__TASK REQUIREMENTS__. Output each line of the listing exactly, though pictures are not to appear.

__GIVEN INFORMATION__.
____________
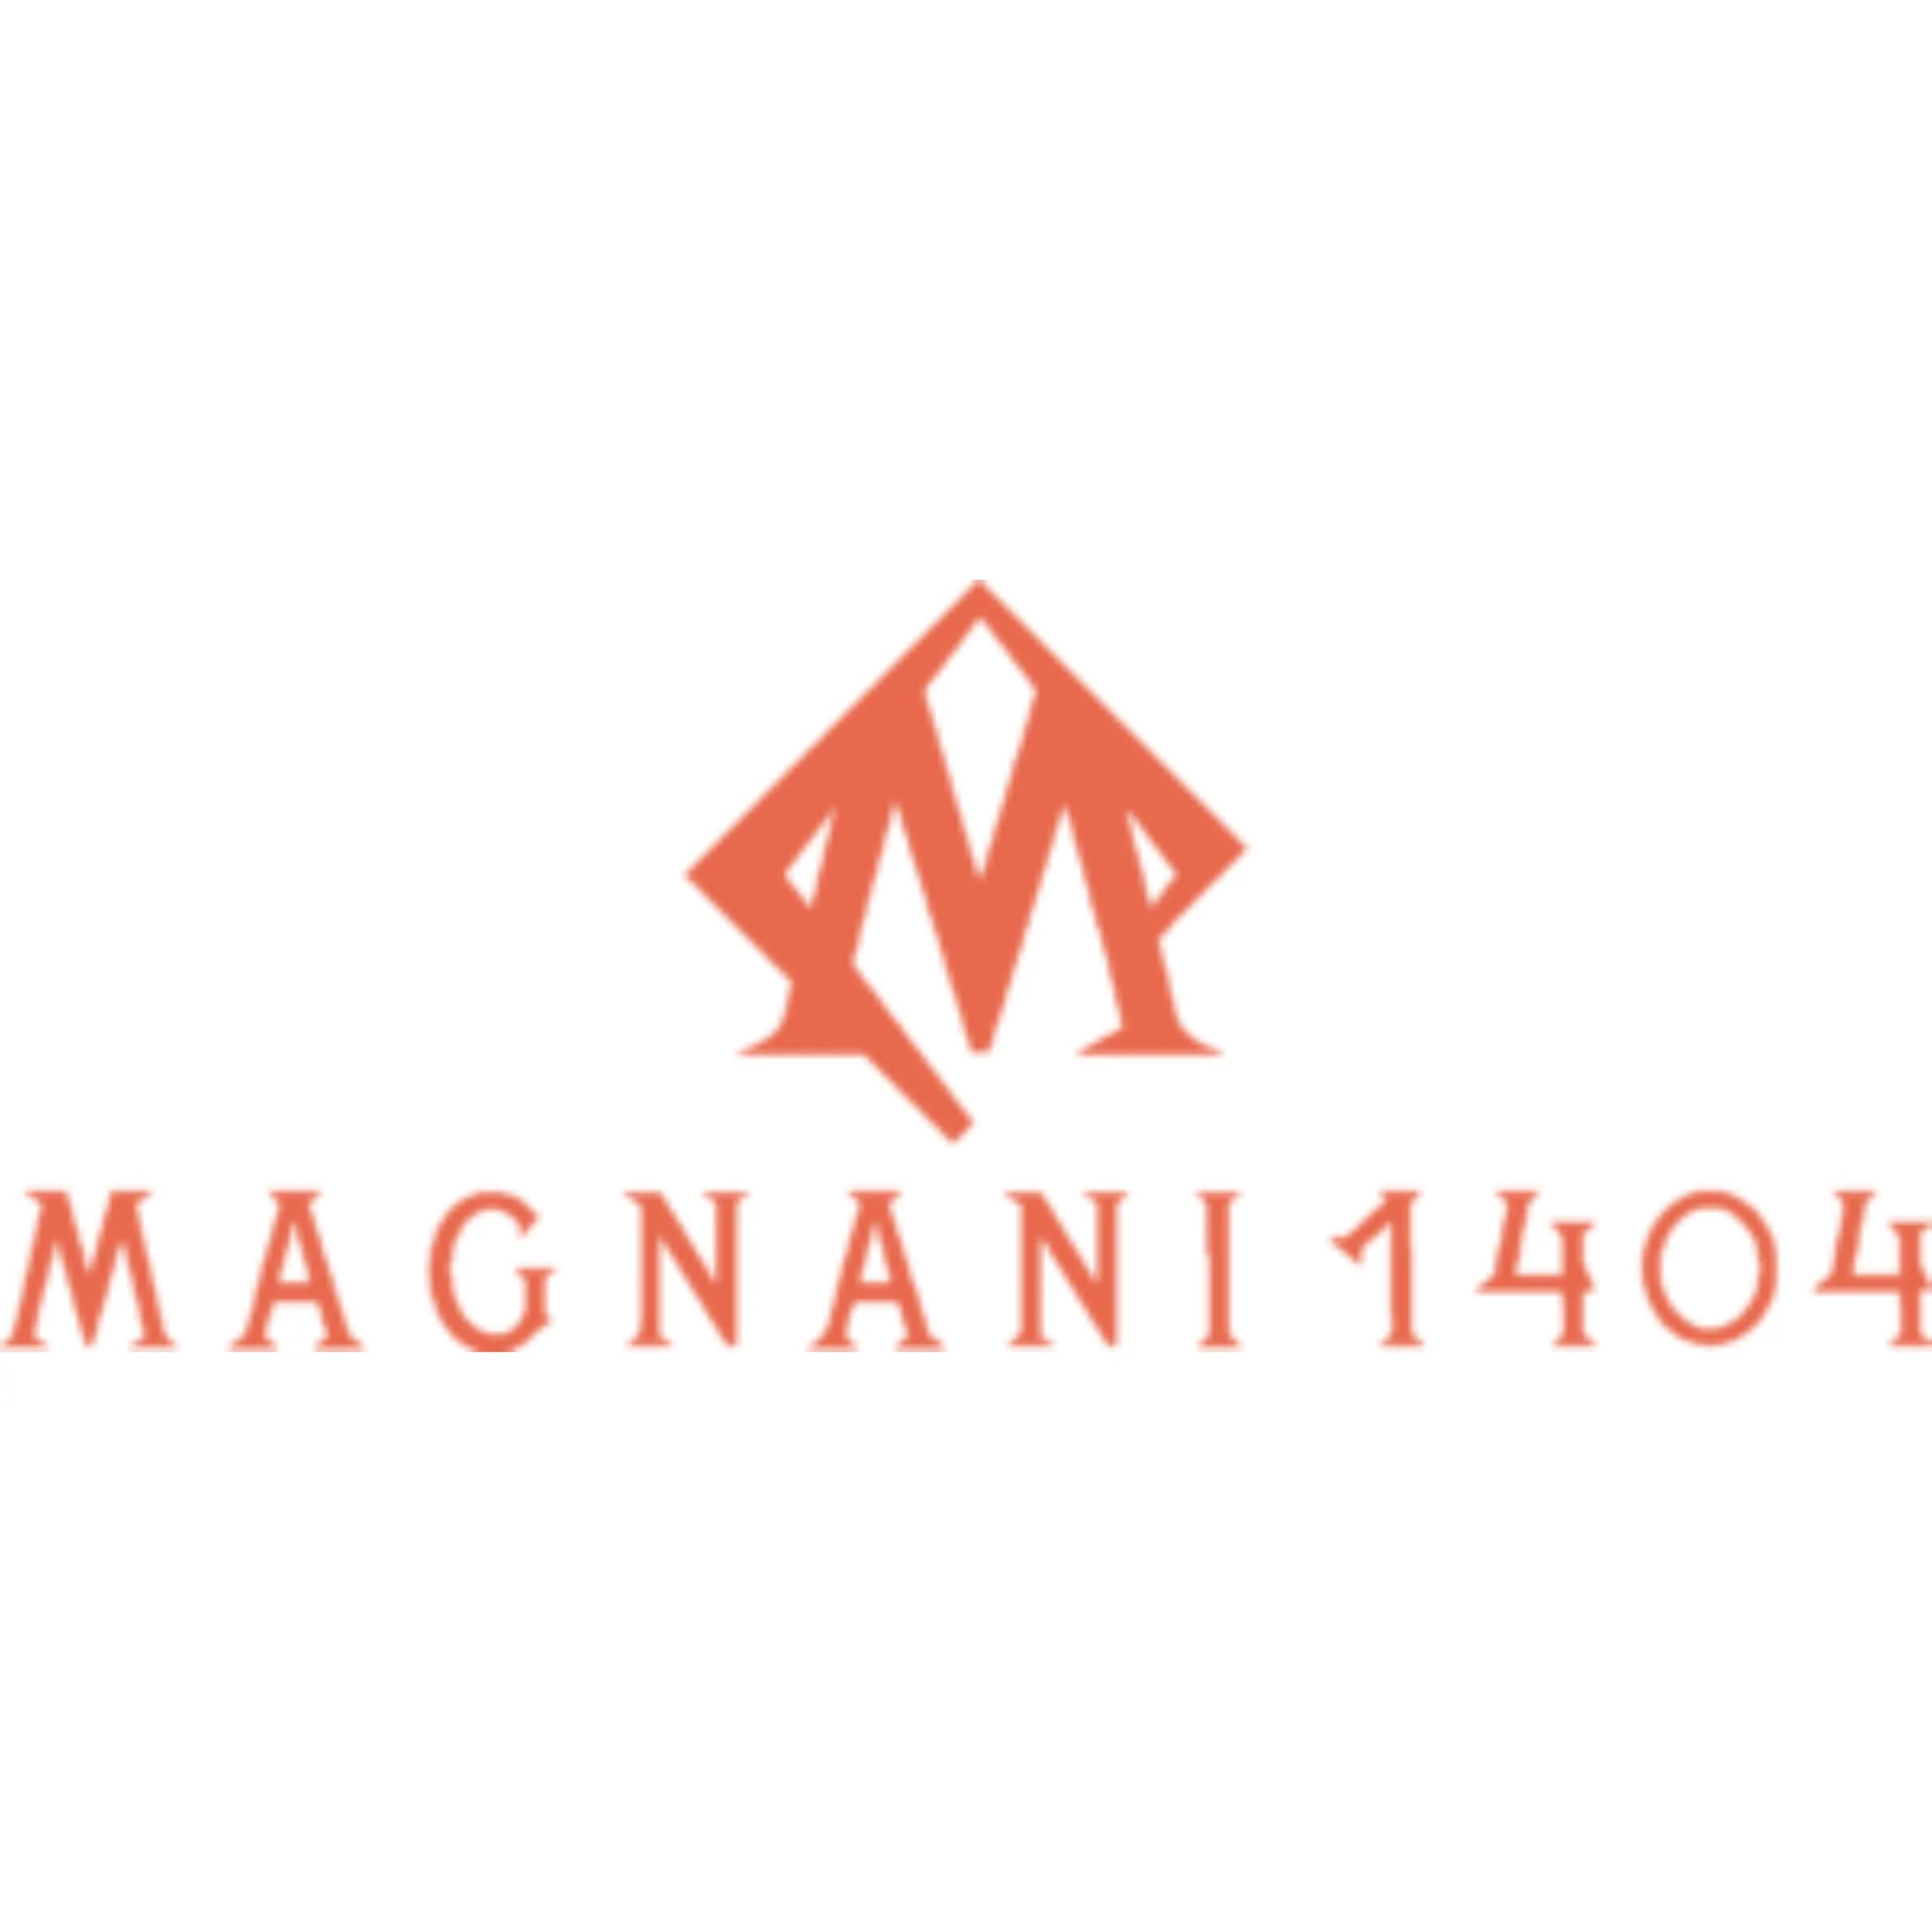 Magnani 1404
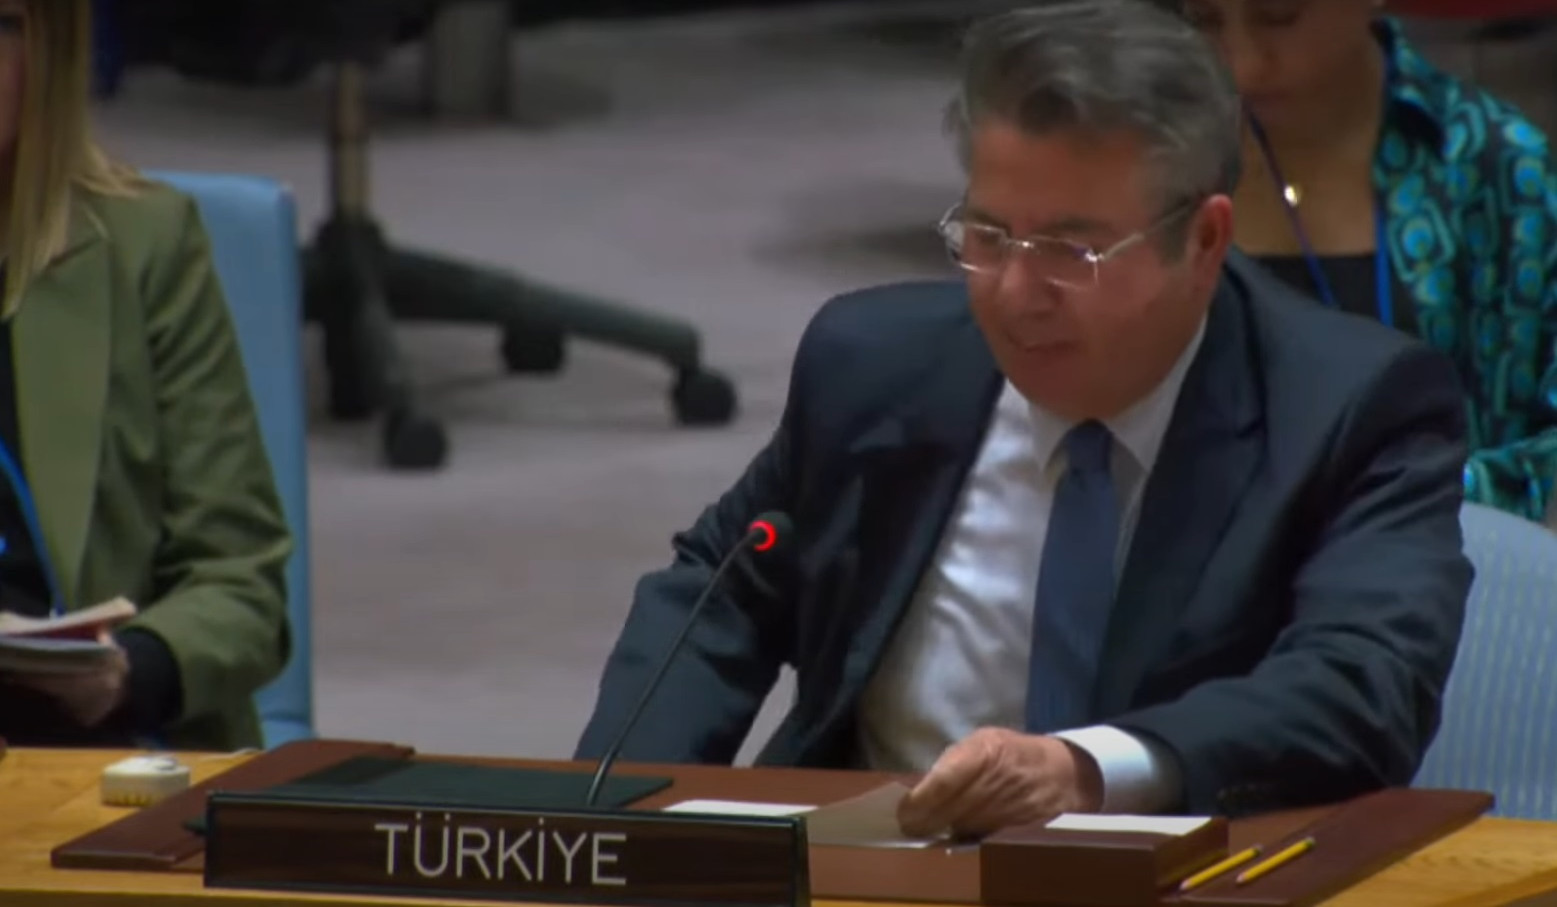 Թուրքիան մտահոգված է Հայաստանի փորձերով՝ չարաշահելու միջազգային հարթակները․ ՄԱԿ-ում Թուրքիայի ներկայացուցիչ
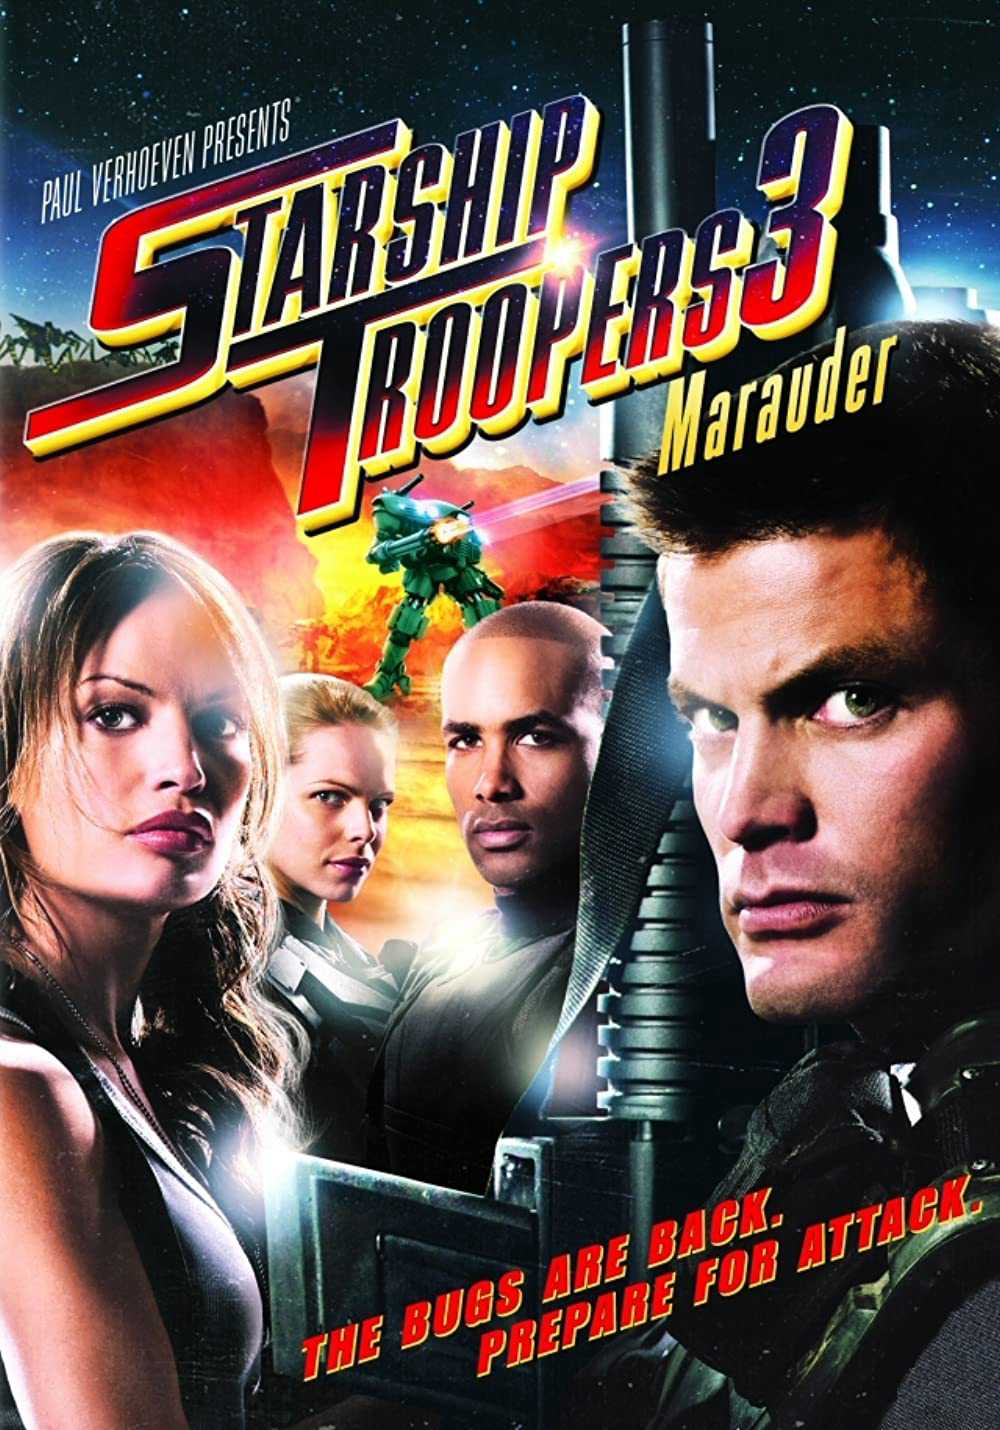 Chiến binh vũ trụ 3: hành tinh marauder - Starship troopers 3: marauder
____________
__RESPONSE BOX__.
 Magnani 1404
 Թուրքիան մտահոգված է Հայաստանի փորձերով՝ չարաշահելու միջազգային հարթակները․ ՄԱԿ-ում Թուրքիայի ներկայացուցիչ
 Chiến binh vũ trụ 3: hành tinh marauder - Starship troopers 3: marauder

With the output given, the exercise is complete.